◆ About this exercise ◆
Transcribe the listing that follows in full, omitting pictures.

◆ Information provided ◆
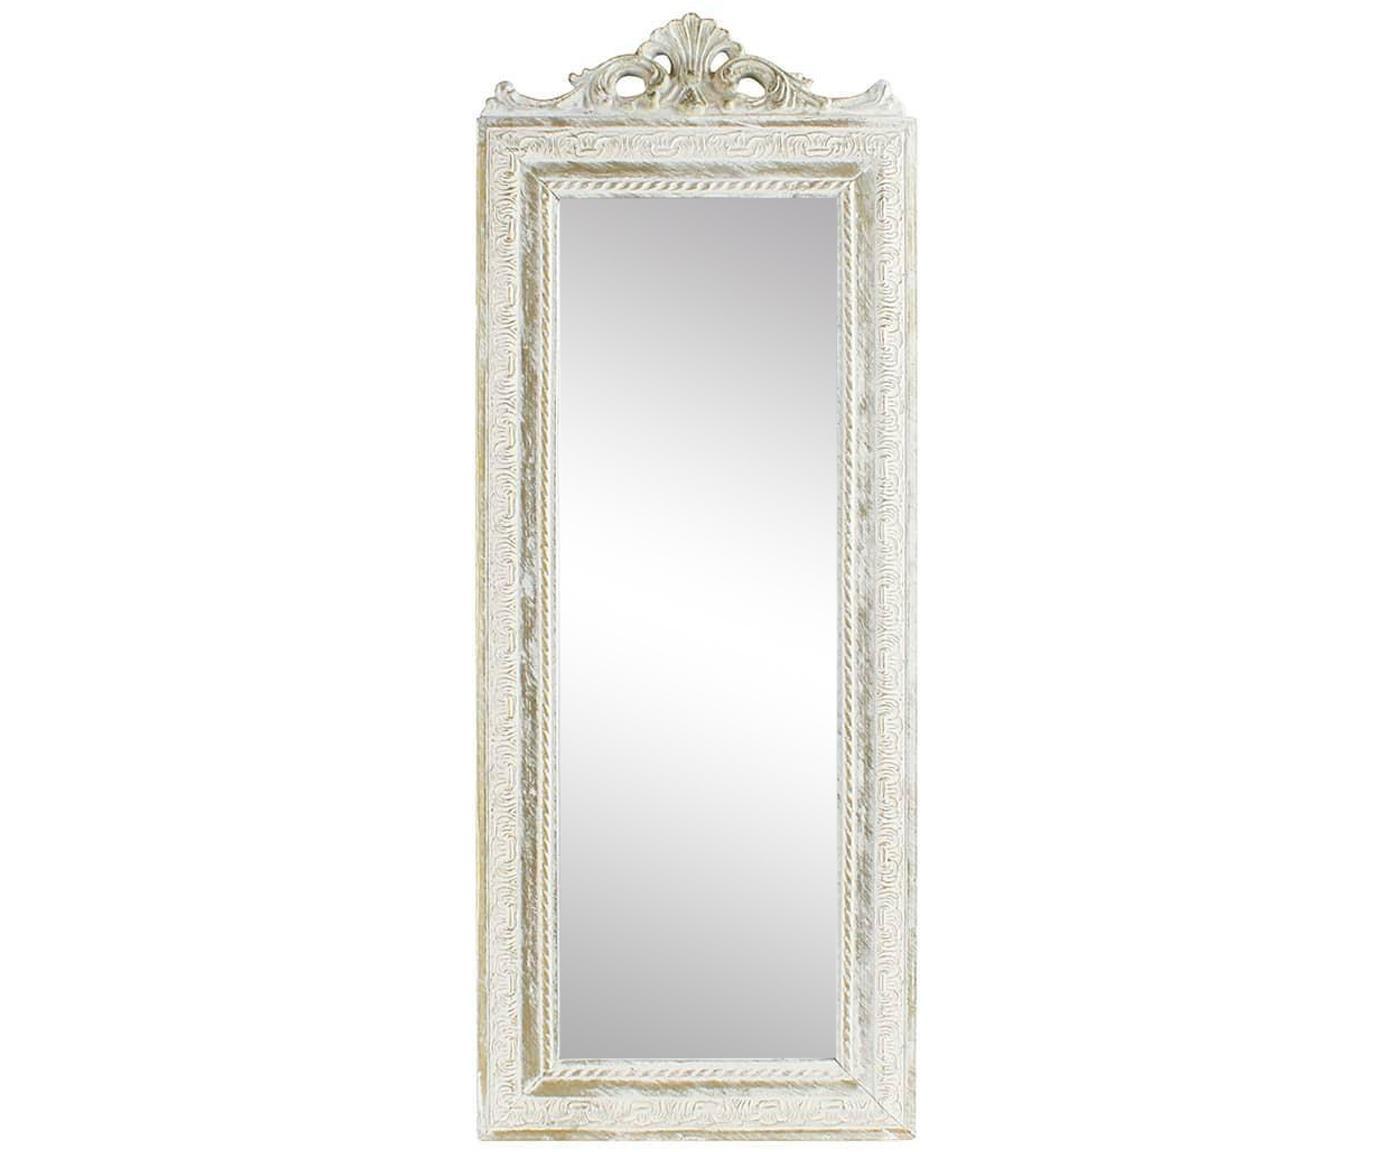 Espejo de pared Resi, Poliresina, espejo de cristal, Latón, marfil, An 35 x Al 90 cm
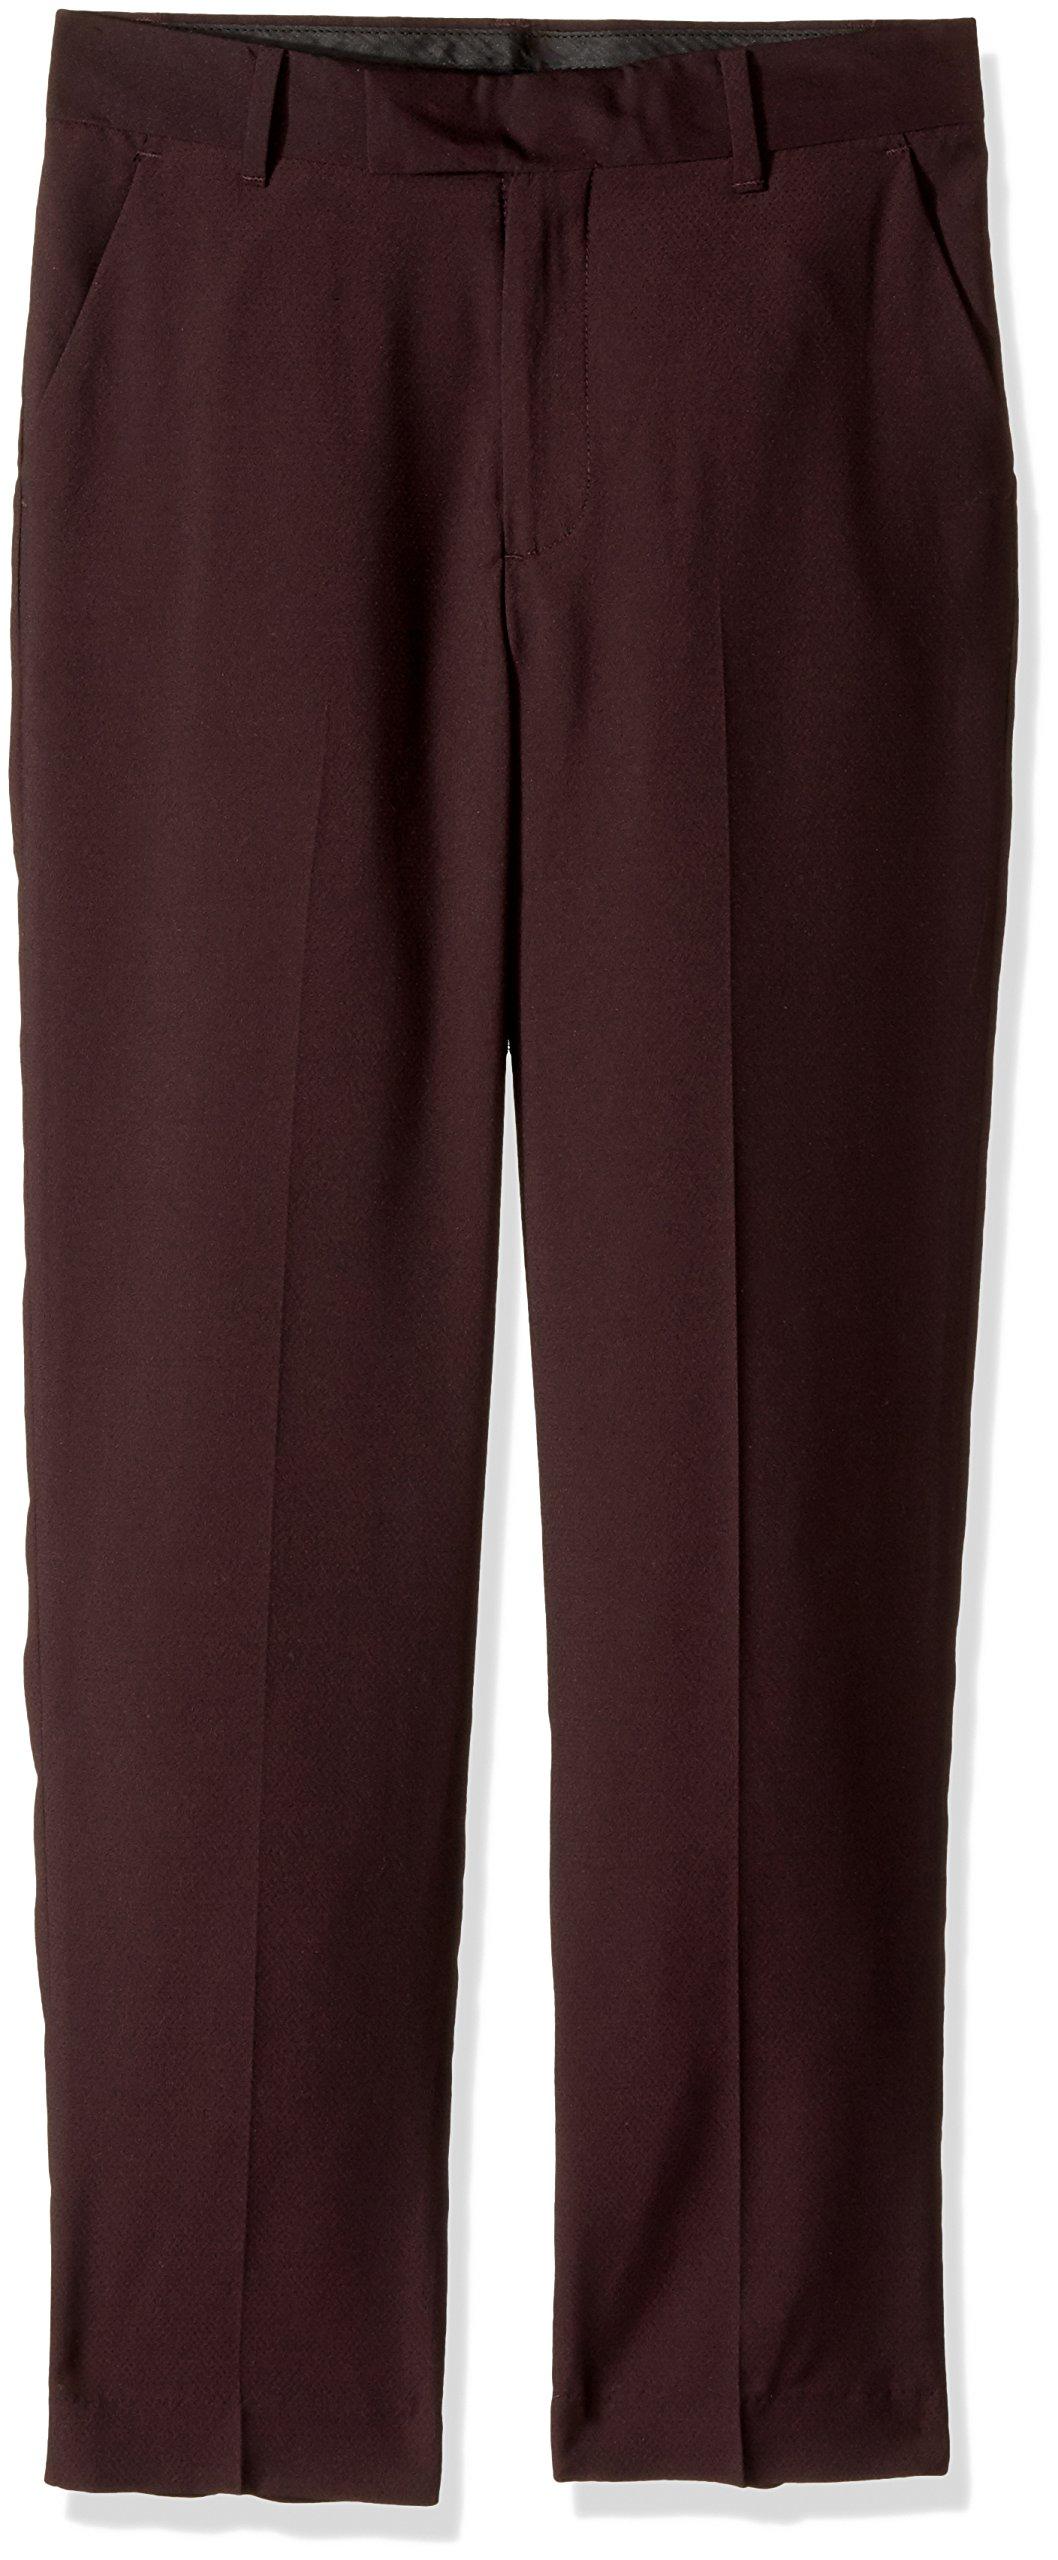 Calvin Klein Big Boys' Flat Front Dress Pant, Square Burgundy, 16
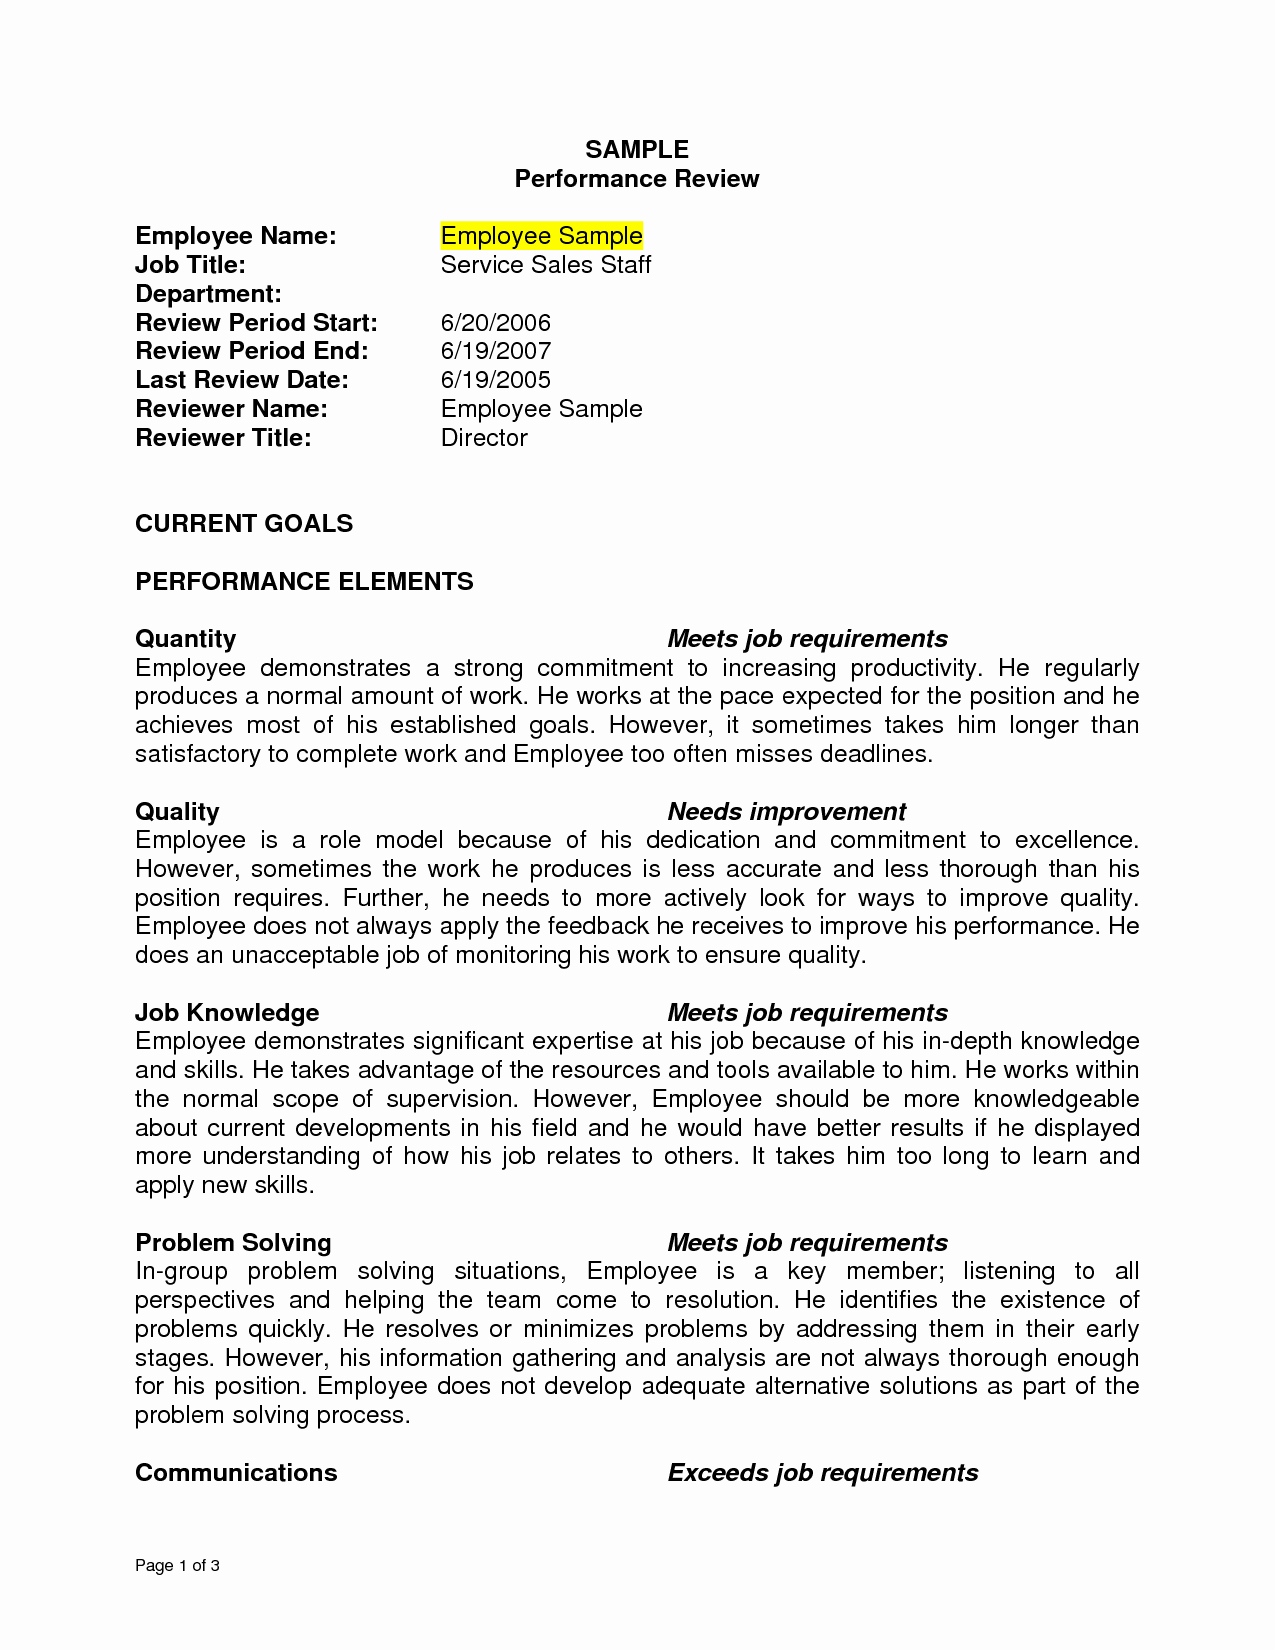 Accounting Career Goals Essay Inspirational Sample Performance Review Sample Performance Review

◆ Exercise result ◆
 Espejo de pared Resi, Poliresina, espejo de cristal, Latón, marfil, An 35 x Al 90 cm
 Calvin Klein Big Boys' Flat Front Dress Pant, Square Burgundy, 16
 Accounting Career Goals Essay Inspirational Sample Performance Review Sample Performance Review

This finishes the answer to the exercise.